▶ _Work item_
Return exactly the lines of the records below, starting at the line that contains "2018 gmc terrain" and ending at the line that contains "HNO im Quadrat", with both of those lines kept.

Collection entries
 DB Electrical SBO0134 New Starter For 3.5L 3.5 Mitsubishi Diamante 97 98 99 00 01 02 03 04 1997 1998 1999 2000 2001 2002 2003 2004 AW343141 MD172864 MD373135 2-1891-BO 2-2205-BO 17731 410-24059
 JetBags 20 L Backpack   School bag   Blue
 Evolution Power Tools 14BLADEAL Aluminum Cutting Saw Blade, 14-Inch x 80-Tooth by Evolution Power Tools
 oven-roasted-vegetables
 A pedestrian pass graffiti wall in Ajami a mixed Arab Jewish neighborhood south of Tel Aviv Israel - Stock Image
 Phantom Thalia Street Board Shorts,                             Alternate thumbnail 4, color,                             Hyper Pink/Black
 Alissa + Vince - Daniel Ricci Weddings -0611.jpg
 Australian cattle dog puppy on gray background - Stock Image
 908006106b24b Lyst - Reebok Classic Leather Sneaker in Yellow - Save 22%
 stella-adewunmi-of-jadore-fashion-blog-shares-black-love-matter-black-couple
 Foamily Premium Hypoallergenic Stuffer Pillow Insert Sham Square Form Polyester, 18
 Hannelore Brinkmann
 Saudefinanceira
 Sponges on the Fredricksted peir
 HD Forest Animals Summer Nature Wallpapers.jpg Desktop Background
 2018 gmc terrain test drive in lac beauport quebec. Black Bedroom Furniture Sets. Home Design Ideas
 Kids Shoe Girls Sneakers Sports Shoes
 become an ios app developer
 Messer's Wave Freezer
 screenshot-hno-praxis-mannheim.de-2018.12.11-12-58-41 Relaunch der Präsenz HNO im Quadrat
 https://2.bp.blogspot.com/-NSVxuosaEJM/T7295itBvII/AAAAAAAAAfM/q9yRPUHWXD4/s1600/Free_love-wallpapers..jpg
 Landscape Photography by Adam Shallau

▶ _Answer for the task_
 2018 gmc terrain test drive in lac beauport quebec. Black Bedroom Furniture Sets. Home Design Ideas
 Kids Shoe Girls Sneakers Sports Shoes
 become an ios app developer
 Messer's Wave Freezer
 screenshot-hno-praxis-mannheim.de-2018.12.11-12-58-41 Relaunch der Präsenz HNO im Quadrat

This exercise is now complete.